Western blot analysis
Protein extracts (30 μg) were separated via SDS-PAGE and transferred to a nitrocellulose membrane. The membranes were then blocked and immunoblotted with primary antibodies specific for Cu/Zn-SOD, Mn-SOD, GPx, GR, GLUT4, adiponectin and GAPDH. Secondary antibodies conjugated with horseradish peroxidase (1:1000) were applied for 1 hr. The bands were visualized via enhanced chemiluminescence (ECL), and proteins were detected with LAS image software (Fuji, New York, NY, USA).
Statistical analysis
All experiments were repeated three times.
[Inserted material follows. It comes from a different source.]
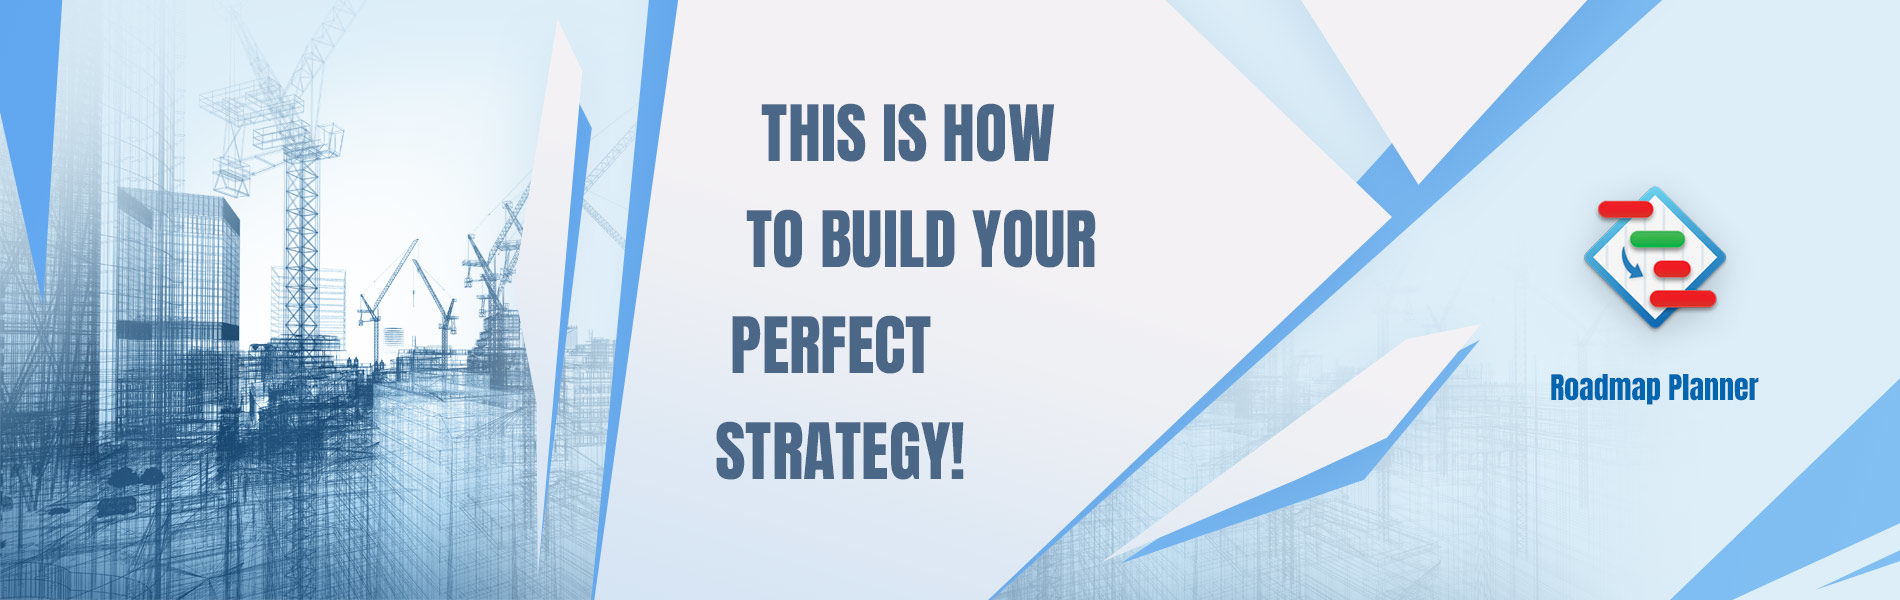 Build your perfect strategy

The results were statistically analyzed via ANOVA and Duncan’s multiple range tests. A p-value of <0.05 was considered statistically significant (SAS Institute, Cary, NC, USA).
RESULTS AND DISCUSSION
Effect of G. amansii extract on cell viability of 3T3-L1 adipocytes
The G. amansii extract didn’t show any toxicity to the 3T3-L1 cells within the experimental range of concentrations (Fig. 1). We performed the subsequent experiments with concentrations less than 50 μg/mL of G. amansii extract.
Fig. 1.
Effect of Gelidium amansii on cell viability of 3T3-L1 adipocytes. 3T3-L1 adipocyte were cultured for a day and treated Gelidium amansii (1, 10, 20, 40, 80 and 100 μg/mL). XTT reagent treat after 24 hour and measure at 450 nm after incubate 4 hours. These data were measured as the standard deviation of six replicates. Means in the same column not sharing a common letter (a,b) are significantly different (p<0.05) based on Duncan’s multiple range test.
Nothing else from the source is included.